La compétitivité enfin. Le Japon a bénéficié sur initiative américaine d’un formidable coup de pouce via la fixation du yen au niveau très compétitif de 360 yens pour un dollar. Ce fut la rampe de lancement des exportations. On n’est pas trop loin de cela pour la Grèce, malgré l’arrimage à l’euro et l’impossibilité de dévaluer : son taux de change réel, c'est-à-dire mesuré en termes de compétitivité cout, s’est fortement déprécié. Le cout salarial, mesuré par le SMIC, a baissé de 22% depuis son pic de 2012 (il avait crû au rythme de 5,3% l’an entre 2000 et 2009 !), davantage encore pour le salaire moyen.

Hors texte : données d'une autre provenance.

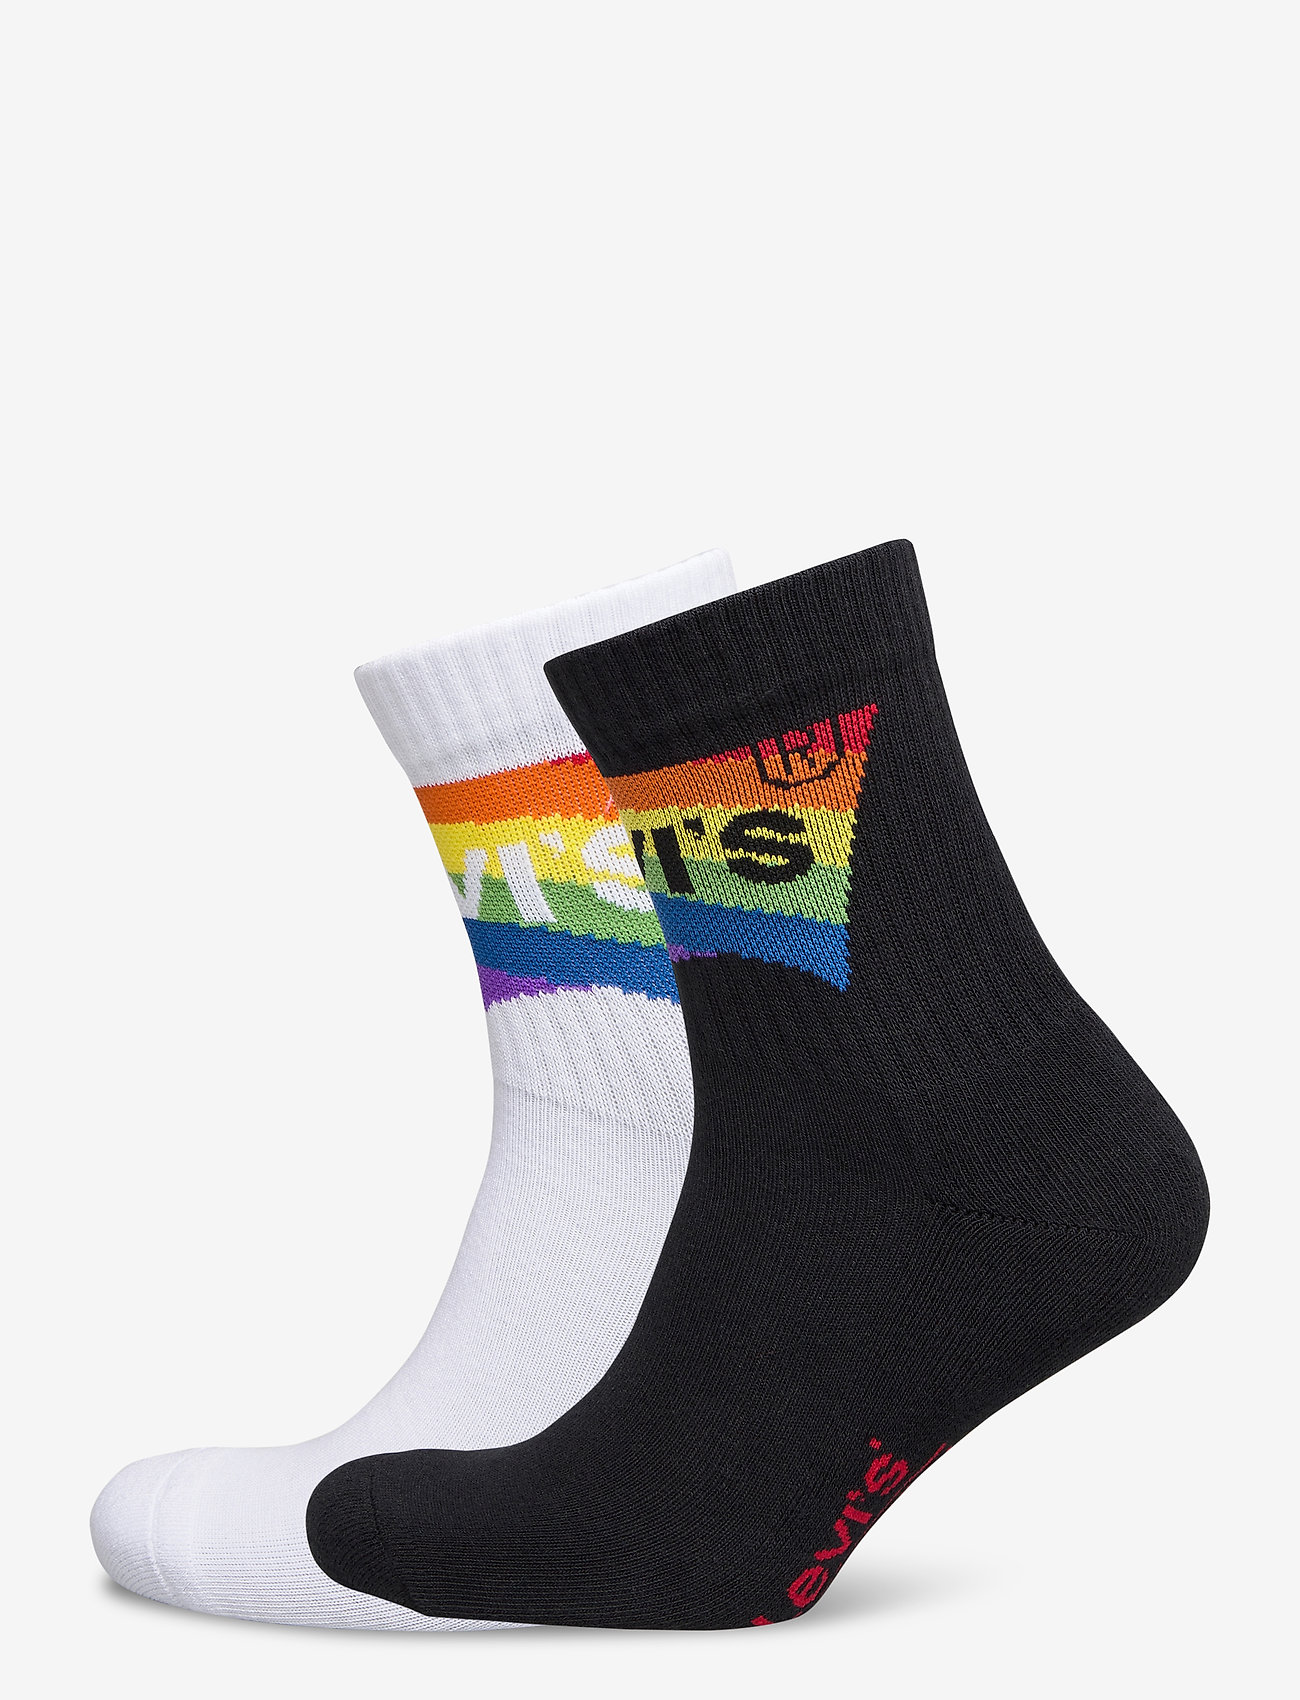 levi's pride socks

La seule grande différence est que Japon restait une puissance industrielle de taille moyenne au sortir de la guerre alors que la Grèce a une base industrielle quasi-nulle. Il est aisé de remplacer les bâtiments et les machines quand l’appareil industriel a été détruit (c’est le capital humain qui compte) ; il est difficile, même avec un taux de change réel attractif, de les faire naître. Ce qui ramène la question grecque à ses deux points essentiels. Économiquement, la base industrielle et de services du pays ne pourra se construire qu’à partir de capitaux investis par l’étranger. On a vu que les flux d’argent public se comparent très favorablement à ceux dont a bénéficié alors le Japon. Mais y aura-t-il au-delà les apports de capital privé attiré par les atouts du pays ?
Politiquement, la capitulation a-t-elle été aussi totale que pour le Japon de l’époque ? Verra-t-on la stupeur de la classe politique propre à assurer une certaine stabilité dans les années à venir, et à commencer lors des élections législatives du 20 septembre. C’est l’autre grande inconnue.
[1] Montant qui va s’ajouter aux transferts habituels à la Grèce au titre des fonds structurels européens, la Commission européenne ayant proposé récemment qu’on supprime la part de cofinancement assuré par la Grèce et qu’on avance à 2015 et 2016, pour 1 Md€, les montants alloués sur le plan 2014-2020.